Purpose: While many recent studies have demonstrated improved detection and characterization of malignant lesions using high b-value diffusion imaging techniques, little is known about the underlying physical characteristics of tumor cells that modulate the restricted water signal at high b on clinical scanners.
Methods: Monte Carlo simulations of diffusion in a synthetic tumor cell environment were used to study the specific effects of tumor cell diameter and nuclear volume fraction (ν) on high b diffusion contrast.
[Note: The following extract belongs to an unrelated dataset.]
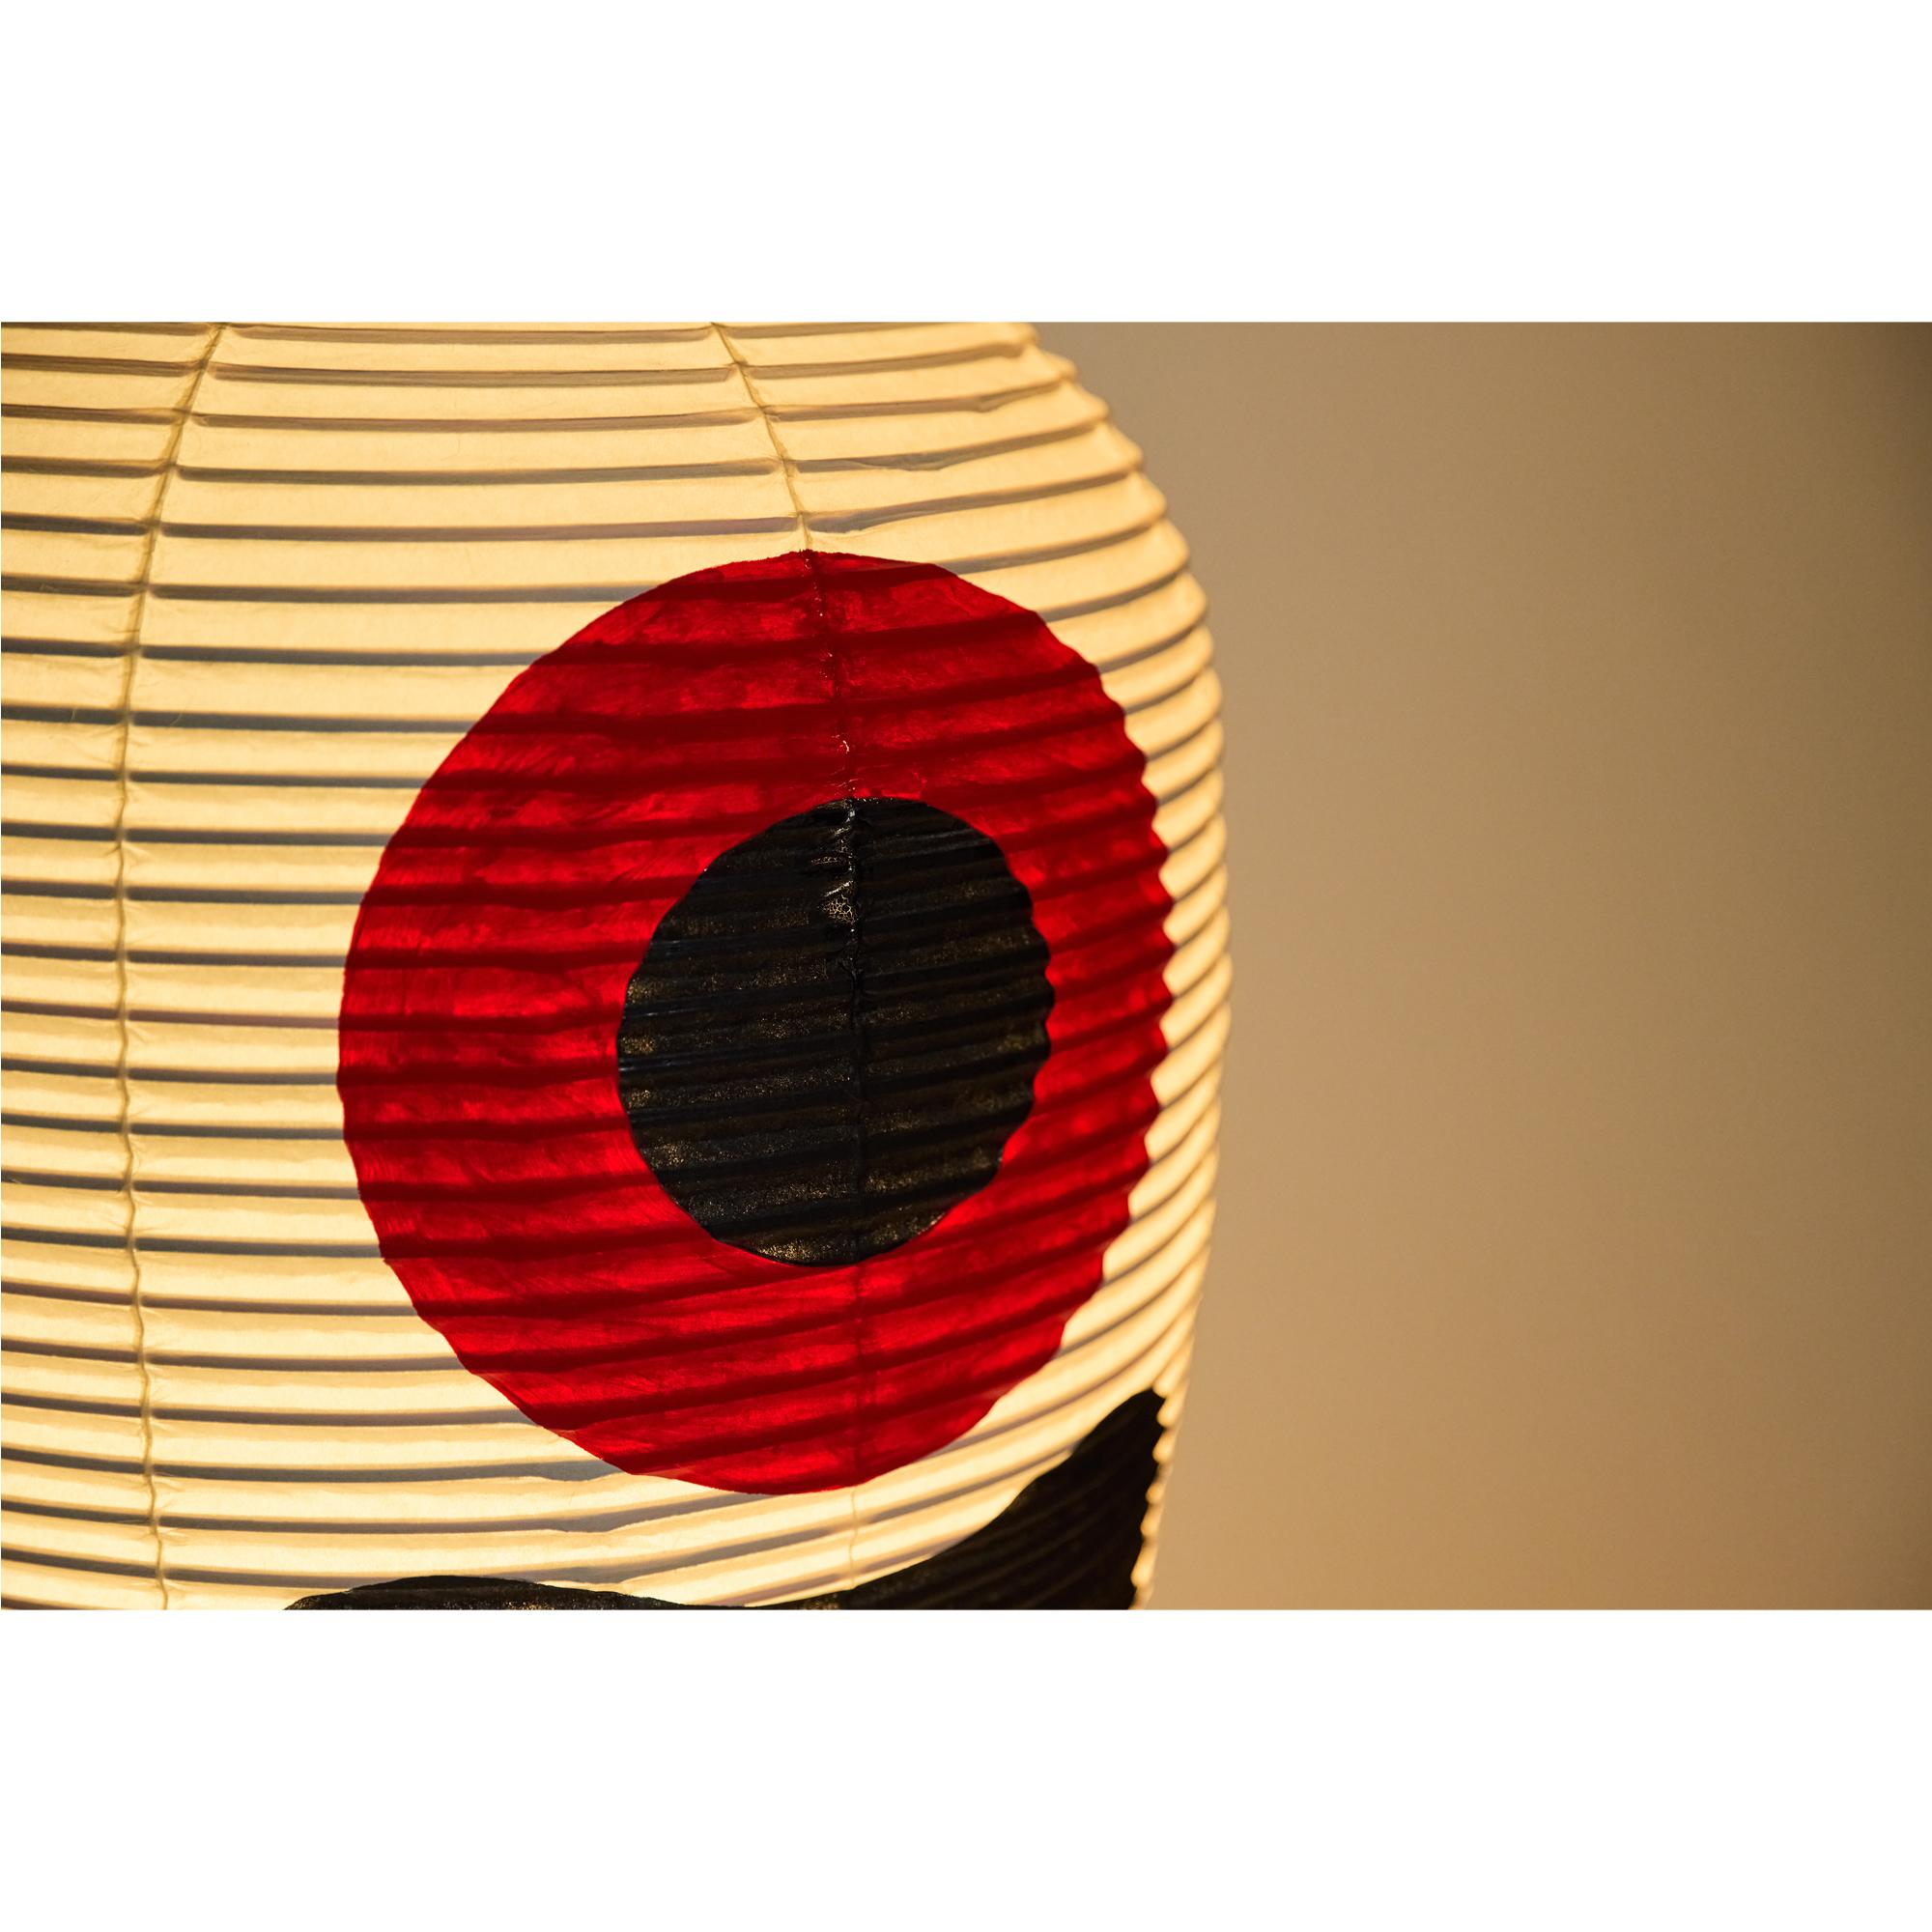 Edo Contemporary Japanese Chochin Floor Lamp Limited Edition #1 Zen Washi For Sale
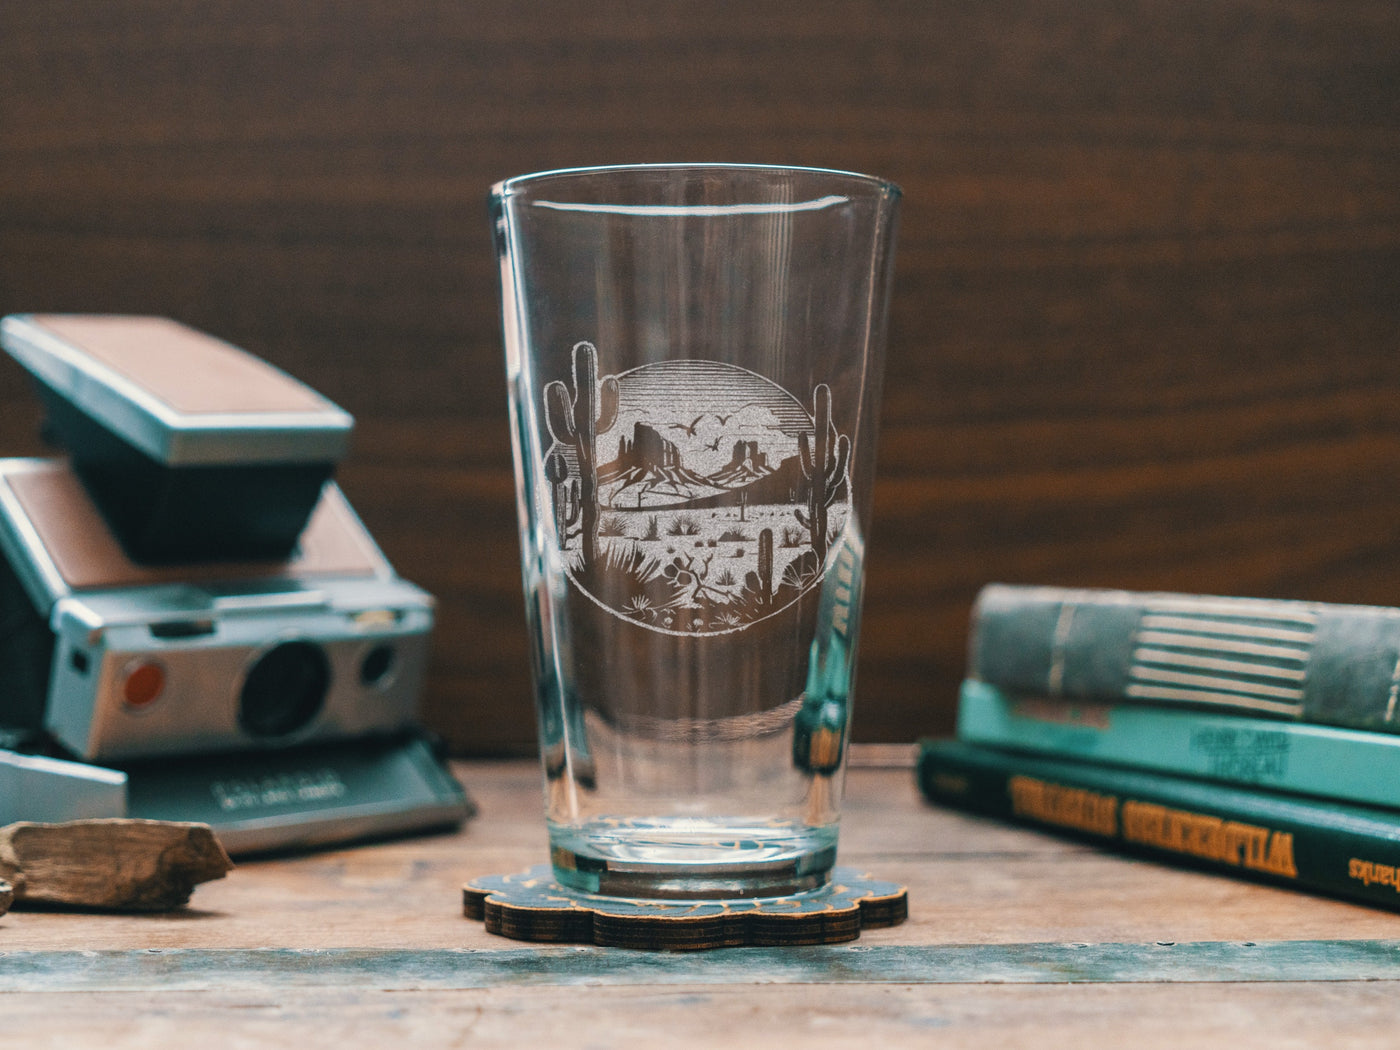 Western Landscape Scene Glasses | Personalized etched glassware for beer, whiskey, wine & cocktails. Western Desert Ranch Southwestern Decor

Results: Results indicate that clinical pulsed-gradient spin-echo diffusion-weighted signals measured at high b (∼4000 s/mm(2)), long diffusion time (Δ ∼40-60 ms), and long echo time (TE ∼60-140 ms) are generally insensitive to tumor cell diameter, but increase exponentially with ν. Moreover, these results are predicted by a simple analytic expression for the intracellular restricted water signal with elevated T2 for the intranuclear versus cytosolic compartment.
Conclusion: Nuclear volume fraction is an important characteristic of cancer cells that modulates the apparent restriction of water at high b on clinical scanners. This model offers a possible explanation for the apparent unreliable correlation between tumor cell density (cellularity) and traditional ADC.
Keywords: RSI; cellularity; conspicuity; hindered diffusion; restricted diffusion; stem cells.